# BSOD [he Windows Driver Framework has detected Voilation]



## gunners009 (Oct 19, 2012)

From yesterday i am getting this Error

The Windows Driver Framework has detected
STOP: 0x0000010D

Driver - 12.8 AMD
Card - HD 7770


*
The Error was sonething like this *

A problem has been detected and Windows has been shut down to prevent damage to your computer.

The Windows Driver Framework has detected that a violation has occurred.

If this is the first time you've seen this Stop error screen, restart your computer. If this screen appears again, follow these steps: 

Check to make sure any new hardware or software is properly installed. If this is a new installation, ask your hardware or software manufacturer for any Windows updates you might need. 

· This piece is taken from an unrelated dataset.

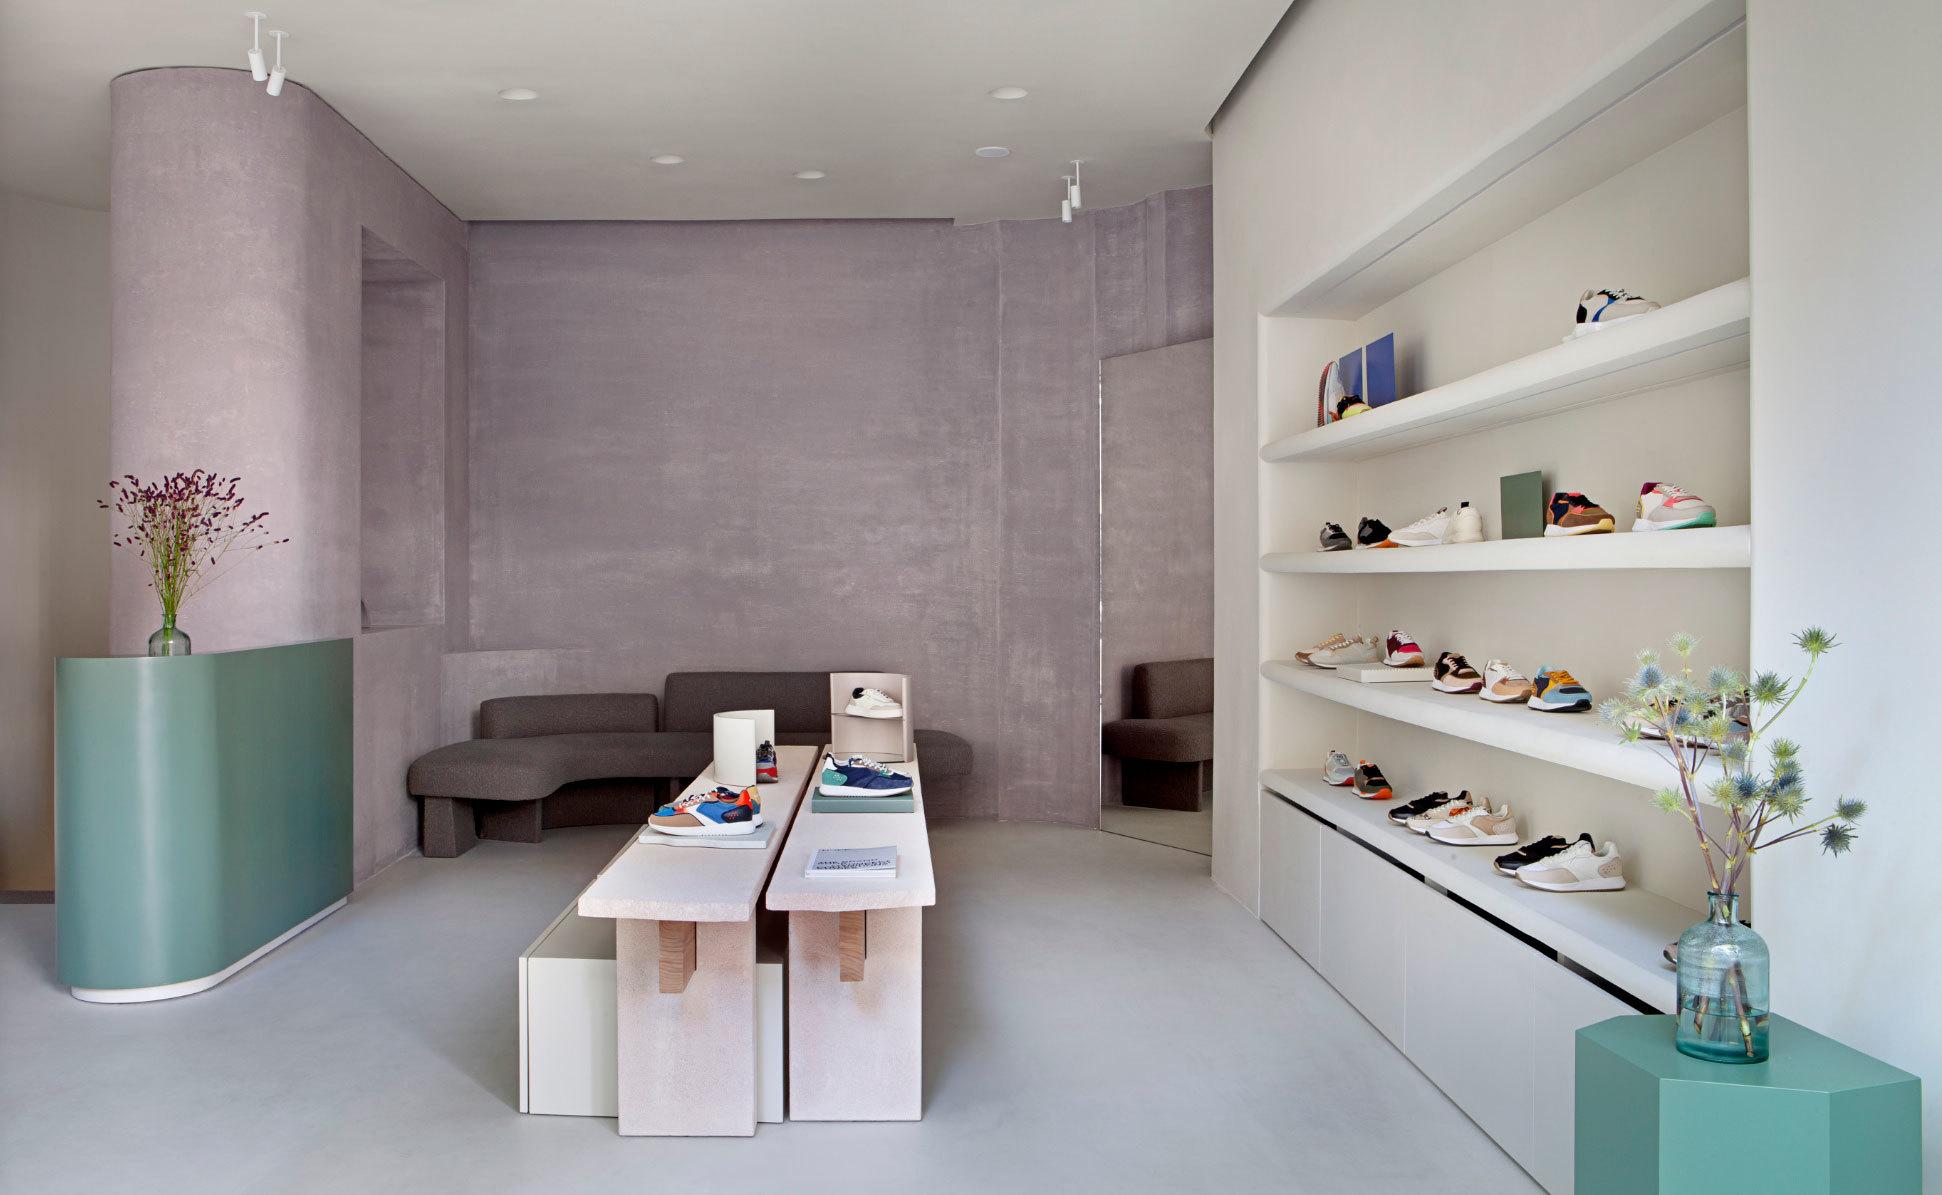 Wie eine Galerie wirkt der erste Flagshipstore der Sneakermarke Hoff in Madrid. Das Studio Ciszak Dalmas Ferrari richtete ihn mit facettenreichen Materialien ein.
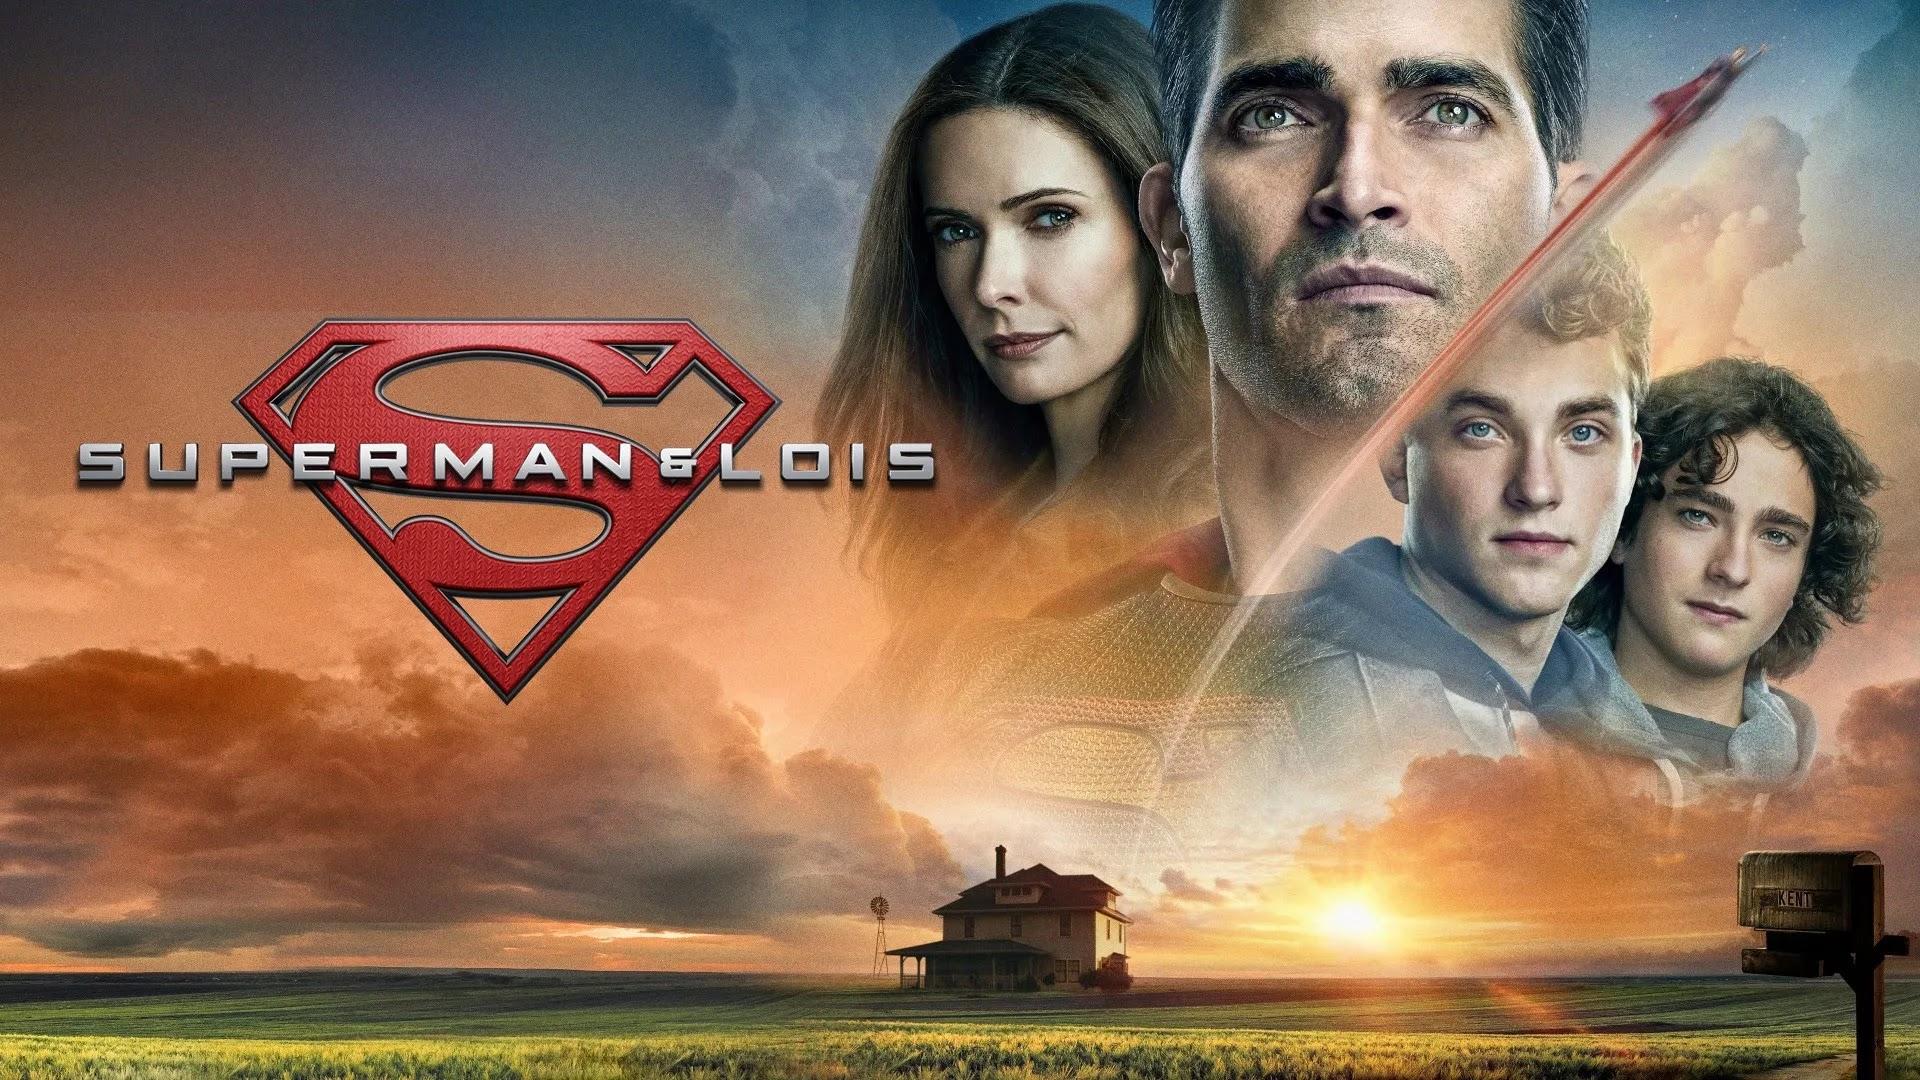 Superman & Lois 1×13

If problems continue, disable or remove any newly installed hardware or software. Disable BIOS memory options such as caching or shadowing. If you need to use Safe Mode to remove or disable components, restart your computer, press F8 to select Advanced Startup Options, and then select Safe Mode.


Technical Information:

*** STOP: 0x0000010D

Beginning dump of physical memory
 Physical memory dump complete.

Contact your system administrator or technical support group for further
 assistance.


----------



## sayan8 (Oct 19, 2012)

format and install win7 sp1.....it might solv the prob..


----------